I am a reseller who purchased Genymotion Desktop Business licenses to sell to customers. How will my customers use the license?

High Confidence (70%)
How customers will use a Genymotion Desktop Business license

1. License activation

  • After purchase, the reseller delivers a license file (or activation key) to the customer.
  • The customer opens Genymotion Desktop, goes to Help → License → Register, and enters the key.
  • The license is bound to the customer’s Genymotion account; it is not transferable.

2. Installation and environment

  • The customer installs Genymotion Desktop on a supported OS (Windows 10/11 ≥ 1809, macOS ≥ 10.15, Linux ≥ Ubuntu 20.04).
  • The desktop client requires a virtual‑box‑compatible hypervisor (VirtualBox or QEMU) that the customer installs separately.

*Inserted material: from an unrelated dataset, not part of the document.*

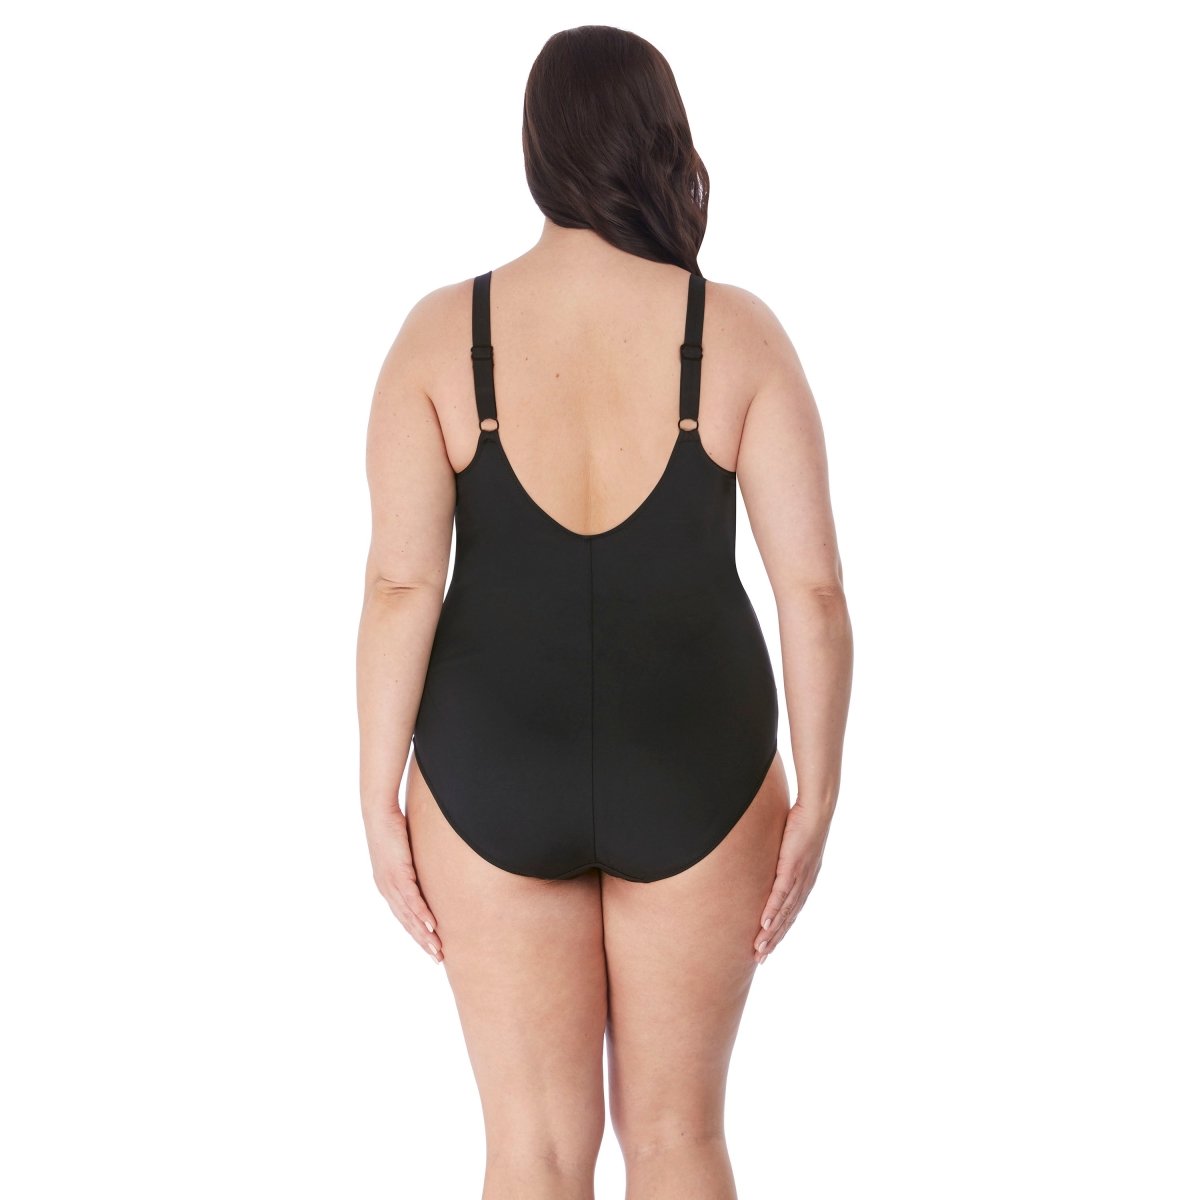 Swim by Elomi - Electroflower Moulded Swimsuit – Black Country Bra

3. Number of virtual devices

  • A Business license allows the customer to run up to the licensed number of virtual devices concurrently (e.g., 3 licenses = up to 3 simultaneous VMs).
  • The customer can create more devices in the UI, but only those within the licensed quota can be active at the same time.

4. Usage context

  • The license is intended for development, testing, and demonstration of Android apps within the customer’s organization.
  • It is not for public distribution or end‑user deployment of the Genymotion client itself.

5. Support and updates

  • The Business plan includes priority support and access to the latest Genymotion releases.
  • Updates are delivered automatically through the Desktop client; the customer must stay connected to the Internet to receive them.

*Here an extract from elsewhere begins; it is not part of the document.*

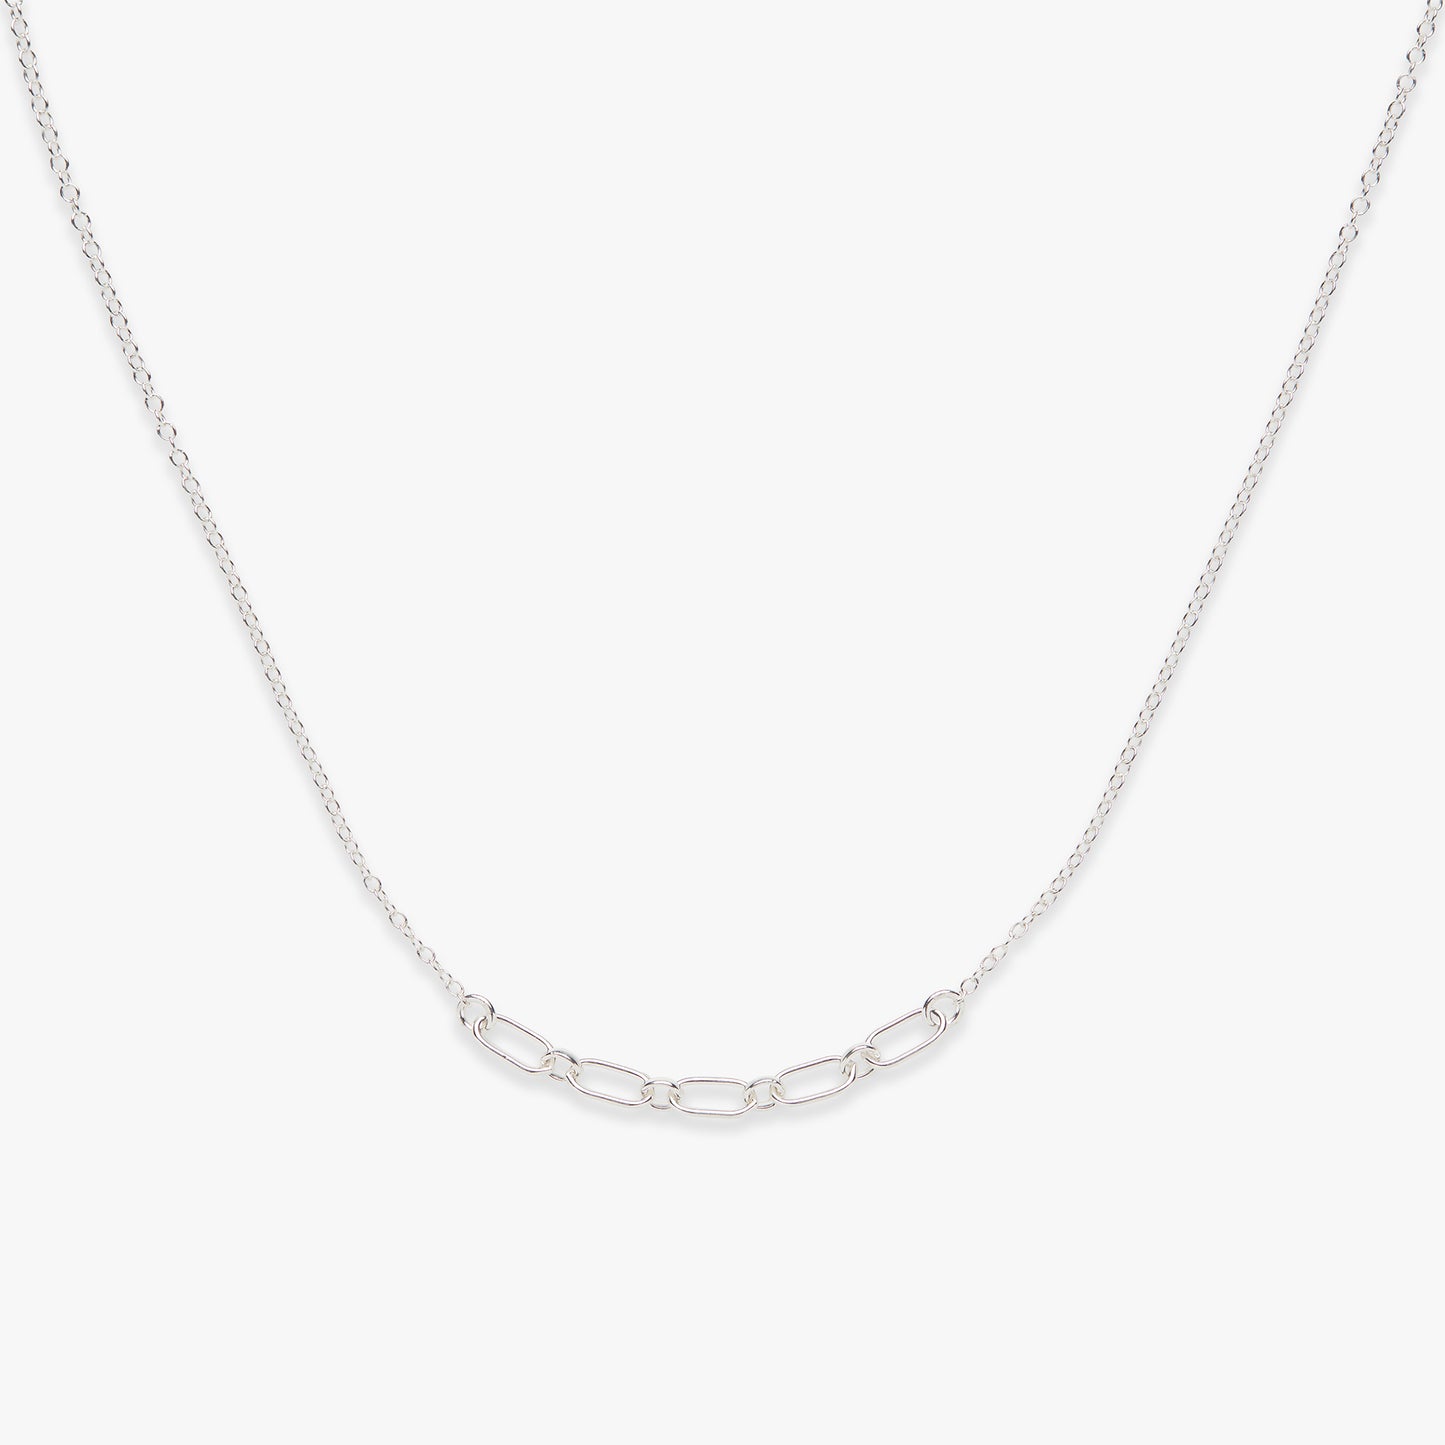 Oval links chain necklace silver

6. Reseller responsibilities

  • Resellers must provide the customer with a valid license key, a copy of the end‑user agreement, and a brief installation guide.
  • The reseller should advise the customer to register on the Genymotion portal to manage the license and receive support.
Bottom line

Customers receive a license key that unlocks the full Genymotion Desktop experience for the licensed number of concurrent virtual Android devices, enabling them to develop, test, and demo apps locally on their own machines.